Stored items

== Segment start ==

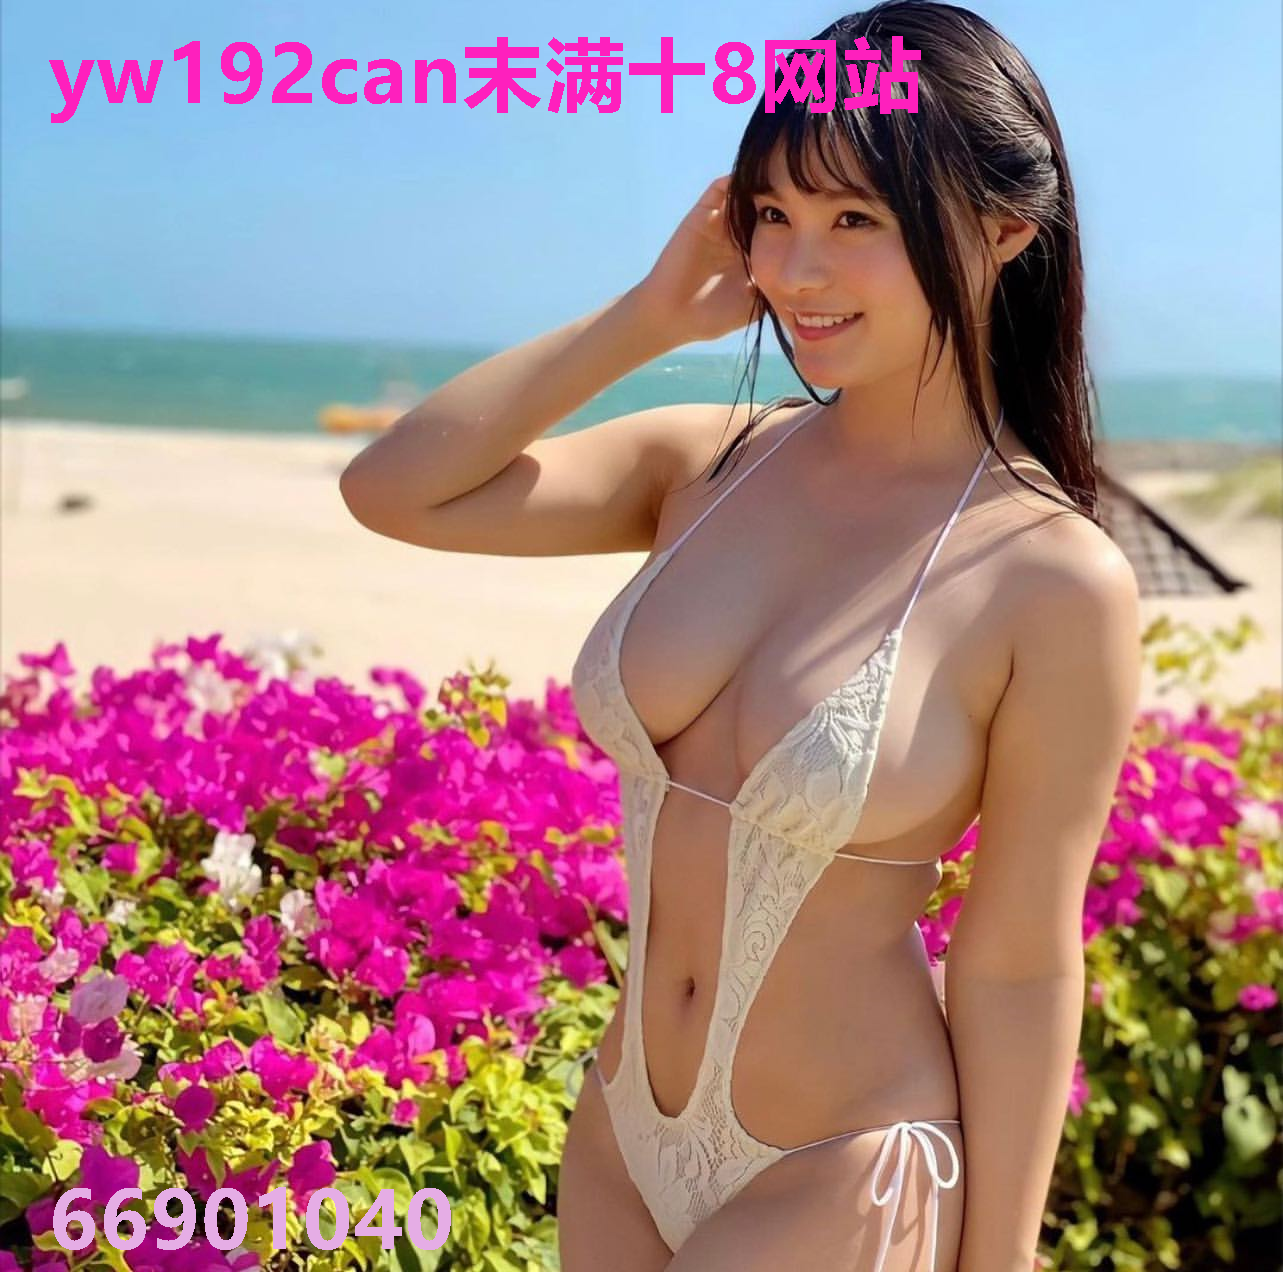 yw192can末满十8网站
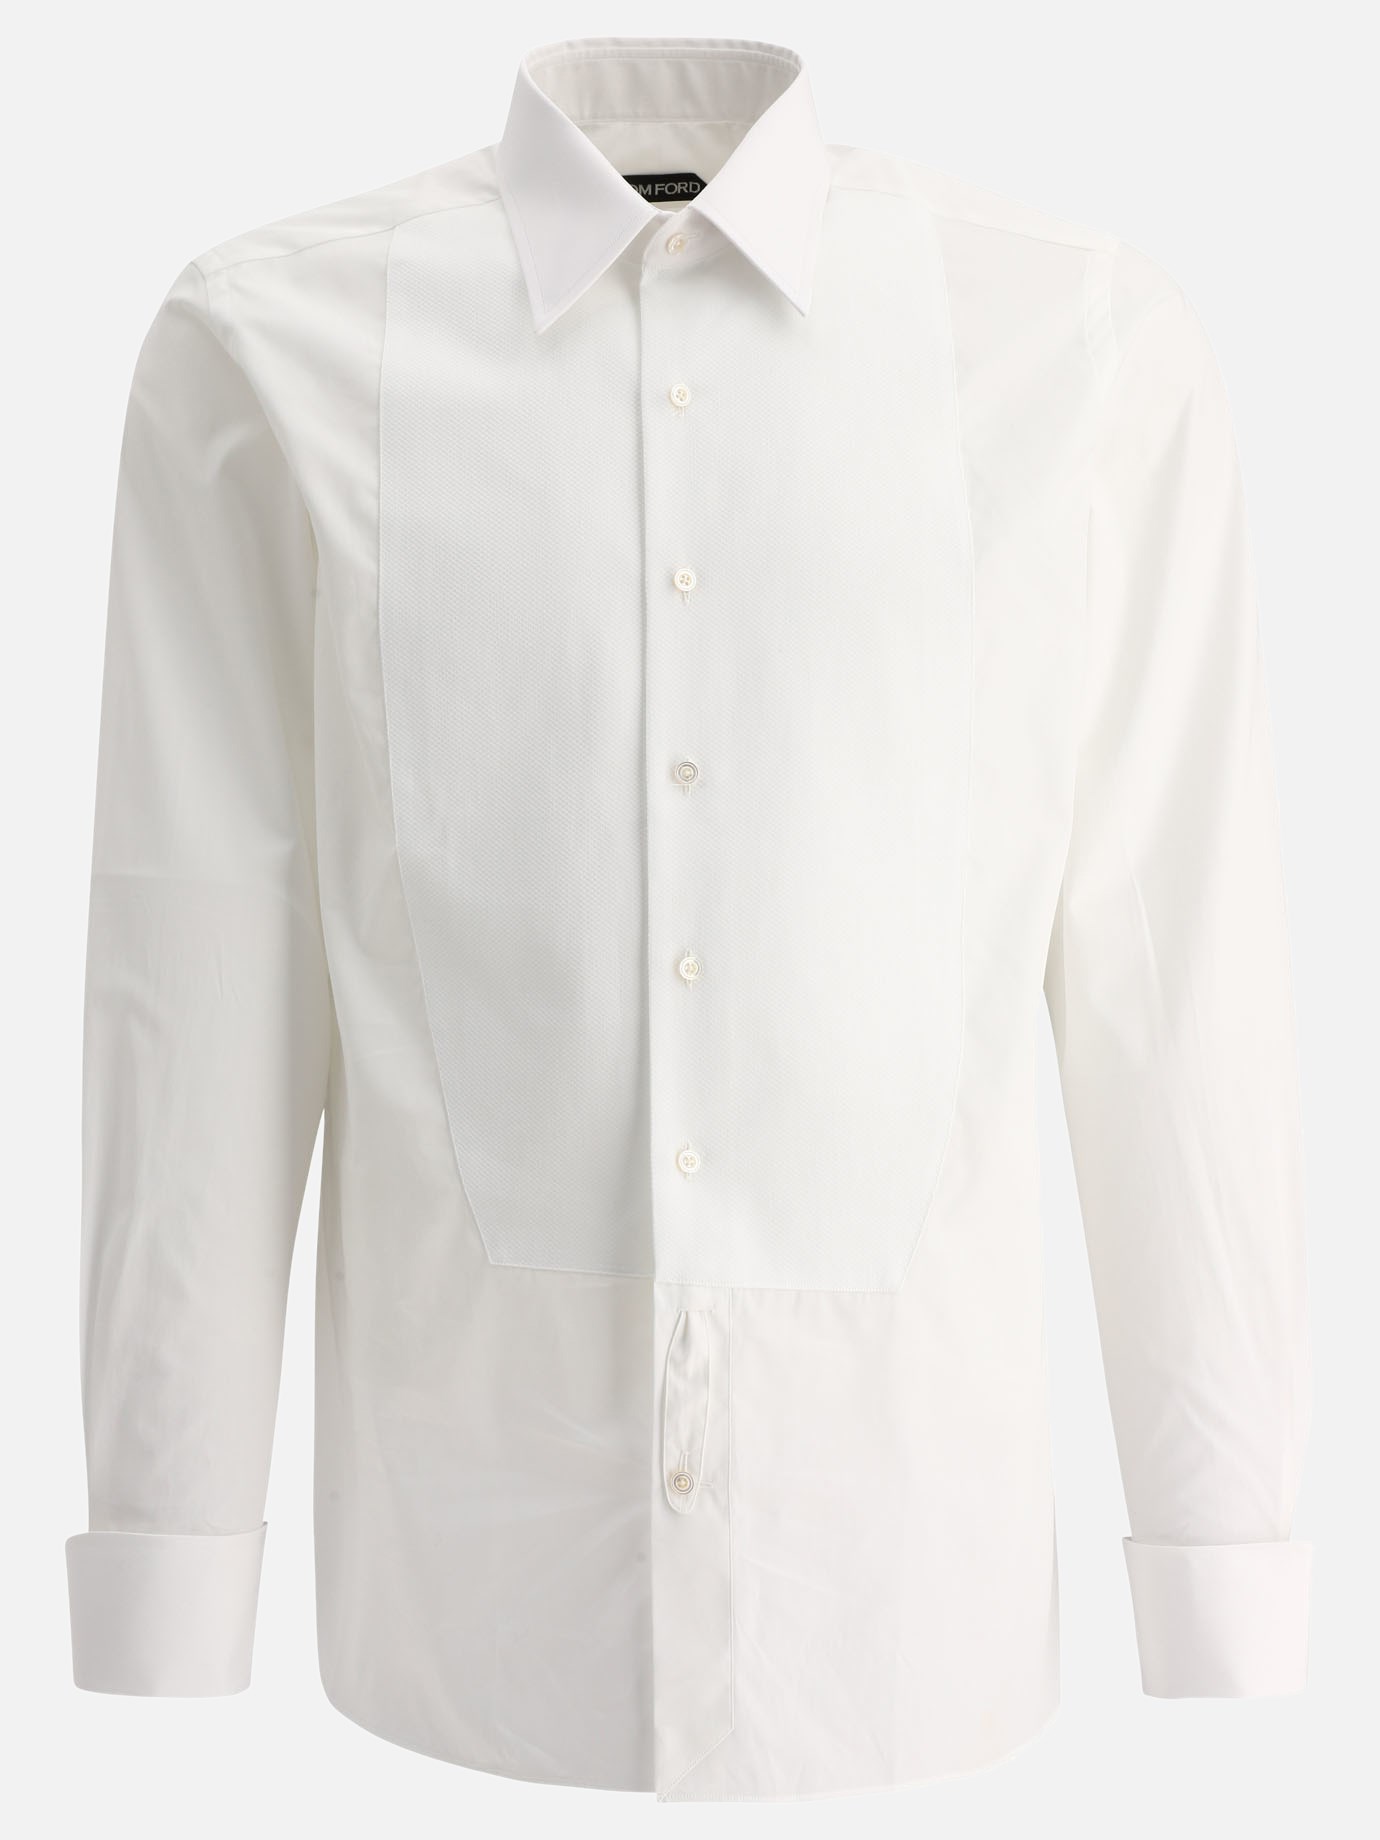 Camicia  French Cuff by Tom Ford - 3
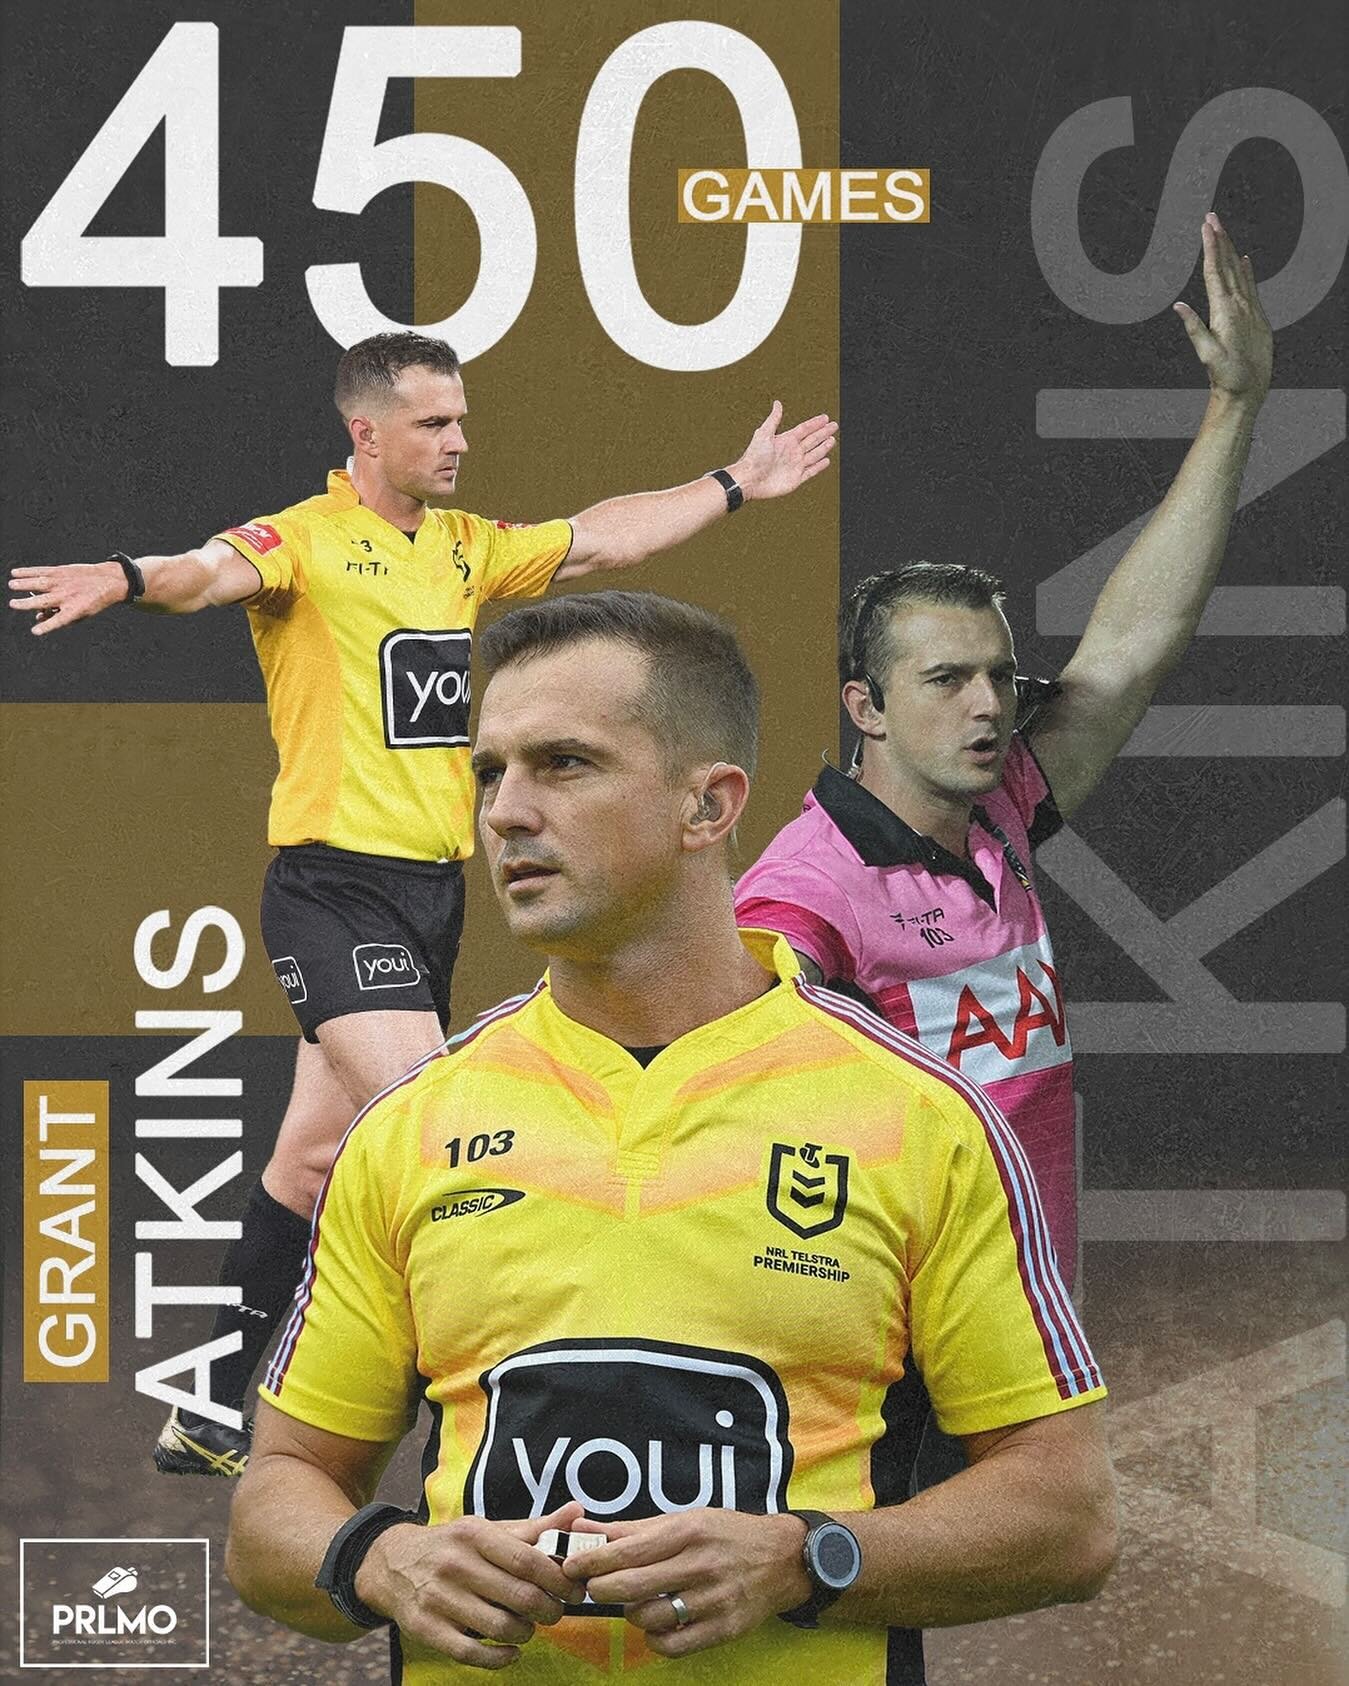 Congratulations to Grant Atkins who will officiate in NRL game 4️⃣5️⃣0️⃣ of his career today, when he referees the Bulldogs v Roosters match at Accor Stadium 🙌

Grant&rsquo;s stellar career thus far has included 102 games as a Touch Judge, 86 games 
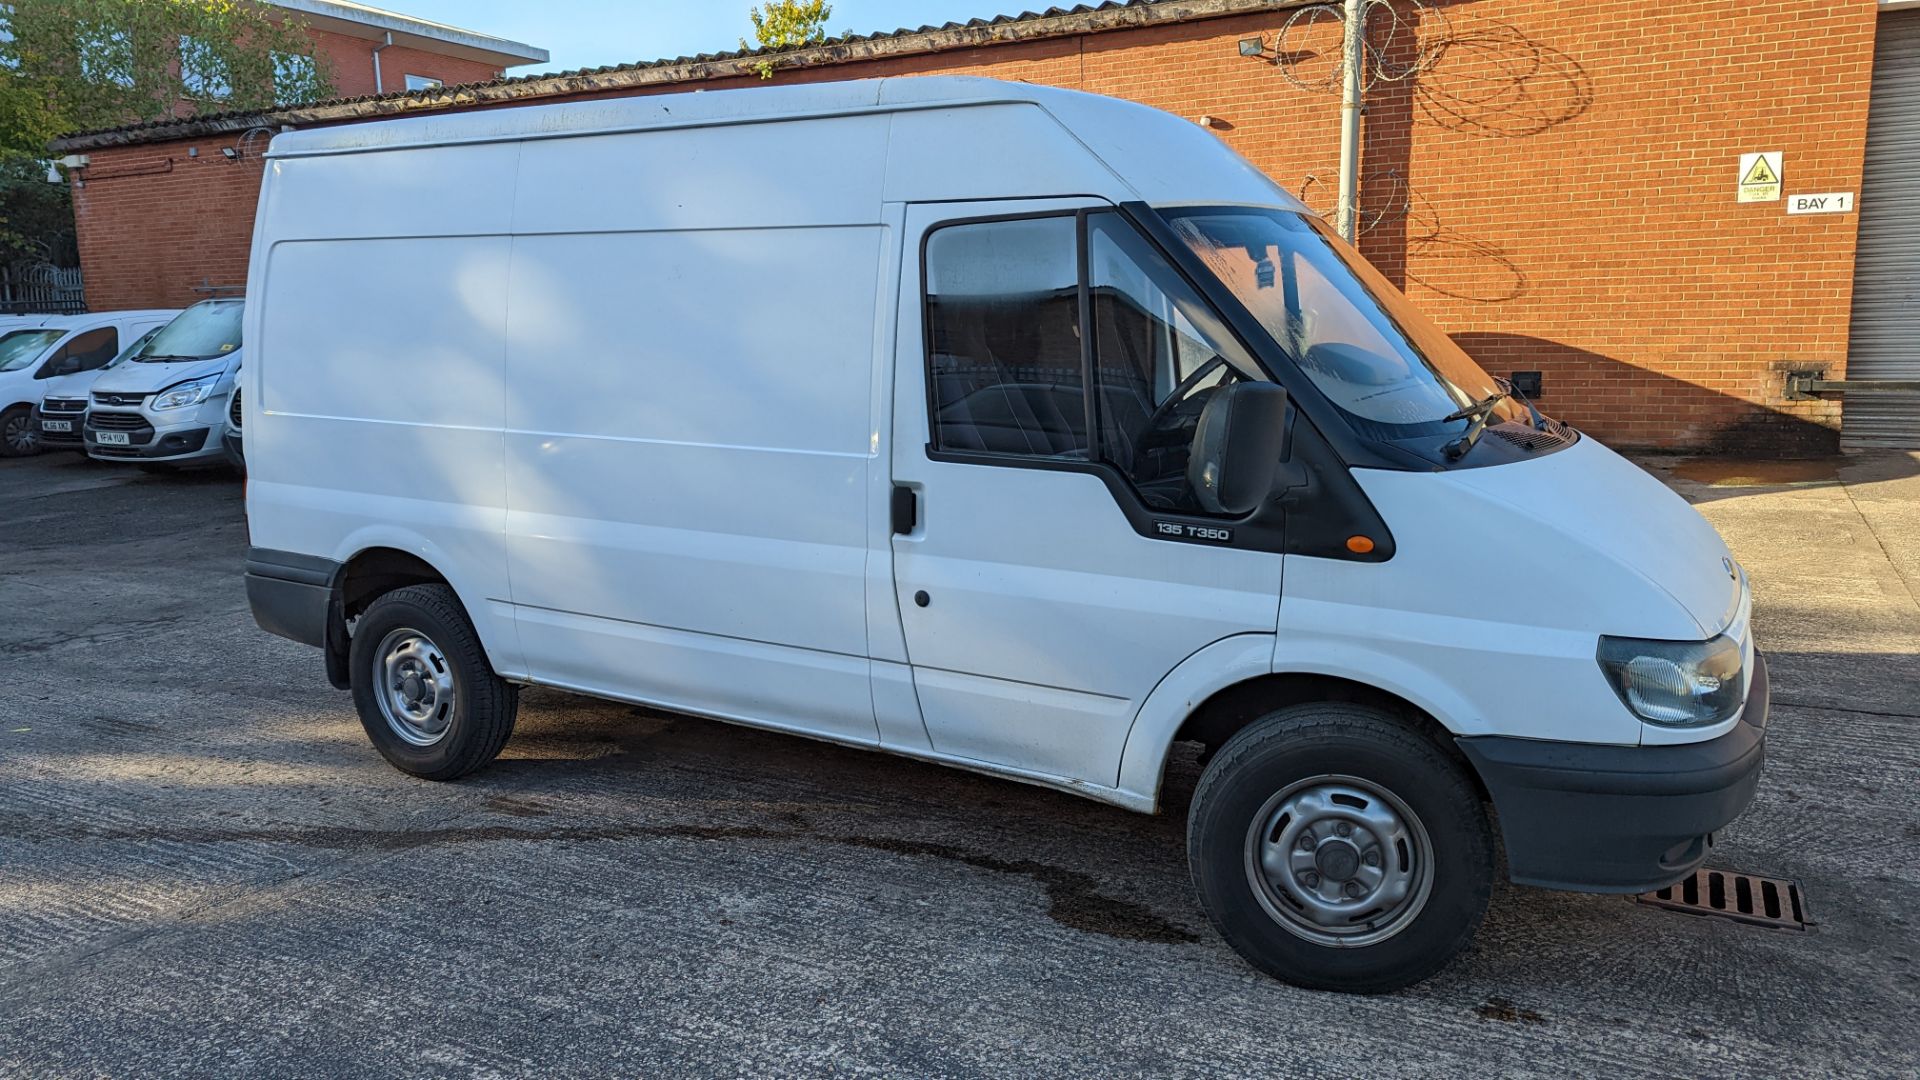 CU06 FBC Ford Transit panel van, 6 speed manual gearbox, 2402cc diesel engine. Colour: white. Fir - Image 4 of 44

== Segment end ==

The line containing "Congratulations to Grant" and every line after it, through the end of the data, are to be output exactly. Omit the pictures.

 Congratulations to Grant Atkins who will officiate in NRL game 4️⃣5️⃣0️⃣ of his career today, when he referees the Bulldogs v Roosters match at Accor Stadium 🙌

Grant&rsquo;s stellar career thus far has included 102 games as a Touch Judge, 86 games 
 CU06 FBC Ford Transit panel van, 6 speed manual gearbox, 2402cc diesel engine. Colour: white. Fir - Image 4 of 44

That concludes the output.